A flow that forces developers to perform ritualistic tasks

Configurations that easily disrupt the balance between security and convenience

It's the kind of problem that has a silent effect.

This article aims to unravel these "pains that accumulate in daily operations" at the network design and access control layers, and resolve them at the configuration level.

Why is it necessary to reconsider "Pod communication" now?

When you first start using Kubernetes, this is all you need.

Outbound publishing is Ingress + ALB/GCLB

Incoming access is kubectl port-forward

If authentication is required, add Basic Auth or OAuth2 Proxy.

All of these are common configurations seen in documents and blogs, and there is nothing wrong with them.

However, things start to get a little awkward as the number of services and clusters starts to grow.

The number of LBs has increased too much, causing fixed costs to gradually pile up.

Implementing authentication into development tools is difficult, and you end up using Basic Auth

There are so many port forwards that it becomes difficult to know which terminal is currently connected to which.

As multi-cluster/multi-account environments become commonplace, connecting to development environments becomes a ritual.

None of these will break any particular functionality.

But it also creates a slower developer experience and blurs the lines between security and operations.

This article is about how we reconstructed the pain we had accumulated by focusing on Cloudflare Zero Trust.

Organizing the overall structure: Outward exposure and inward connection

The issues addressed in this article can be divided into two categories:

The complexity of exposing Pods

Load Balancer Cost Issues

Authentication layer design issues

The hassle of connecting inbound to Pods

Port Forward Limits

Difficulty in developing in a multi-cluster/multi-account environment

In this article, we will organize the challenges in the order of "outward facing" → "inward facing," and then look at how we redesigned them using Cloudflare Zero Trust + CoreDNS.

Issue 1: Difficulty in publishing Pods

Traditional Method: Ingress + ALB/GCLB: Strengths and Weaknesses

When exposing HTTP externally in Kubernetes, the most commonly used method is Ingress + managed LB (ALB/GCLB).

This system itself is excellent in terms of functionality and stability, but the following two points can cause problems in the field.

Load Balancer is expensive

As the development team grows and the number of applications increases, the number of LBs increases exponentially.

Settings UI (internal tool)

Verification app

Metrics Dashboard

API Staging

The more services you want to publish, the more LBs you need.
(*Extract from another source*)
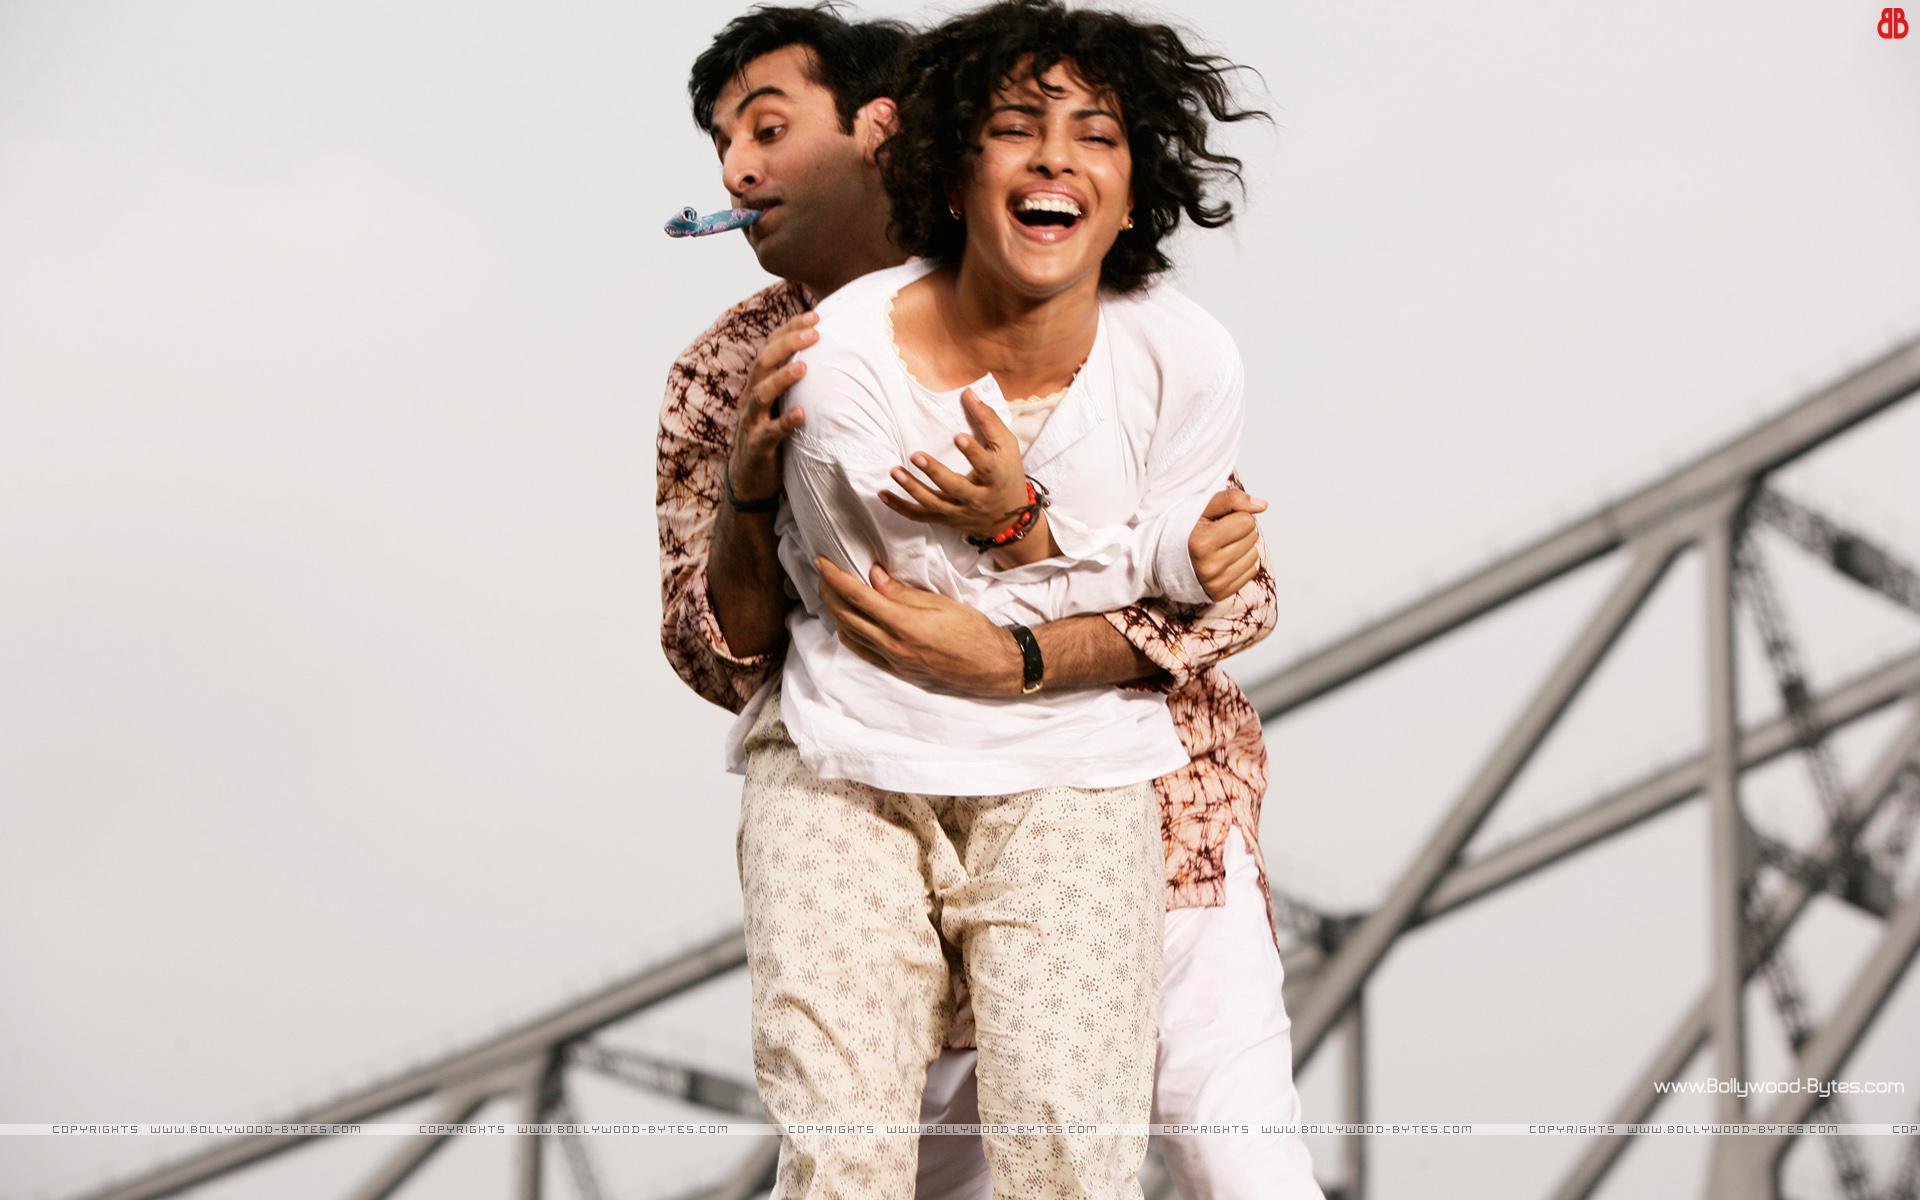 http://1.bp.blogspot.com/-ThOcpEPBGMI/UFDspt3o58I/AAAAAAAAO8Y/ldlMhXG2JOI/s1920/Barfi!-+Starring-Hot-Ranbir-Kapoor-Priyanka-Chopra-HD-Wallpaper-06.jpg

If you create an ALB every time you use a tool that only a few people use, you'll eventually end up with dozens of ALBs across your environment. While the cost of a single LB isn't large, it's a fixed cost that can be multiplied by the number of LBs.

Trying to save money

Listener Rule Aggregation

Port Forward operation without ALB

Directly exposing a NodePort

These are some of the ideas that have been put forward, but all of them have strong side effects on operations and UX, and do not provide a fundamental solution.
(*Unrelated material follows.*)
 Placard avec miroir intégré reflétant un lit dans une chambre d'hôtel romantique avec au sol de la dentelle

The problem of where to place the authentication layer

Another problem is where to perform authentication.

Example without authentication layer:

Where to place the authentication layer: Example 1: Authenticating the app itself

Example 2: Placement of authentication layer in front of Pod (ALB)

Example 3: Pod front end (OAuth2 Proxy)

In fact, authentication for development and internal applications is extremely difficult.

Adding authentication functionality to an app is often difficult due to technical debt.

Although it may seem convenient to set up OIDC authentication in ALB, it can complicate OIDC configuration, role management, and IaC.

Adding an OAuth2 Proxy adds another layer to the configuration

Furthermore, in many cases, users of published apps are external partner companies, so it is not uncommon for environments to be unable to unify to SSO.

As a result, "Basic Auth operation" has become widespread, and even internal applications tend to fall into an unhealthy security state.

Issue 2: Difficulty in connecting Pods inward

The Convenience and Darkness of Port Forward

kubectl port-forward

However, the moment you start using it too much, your workflow starts to break down.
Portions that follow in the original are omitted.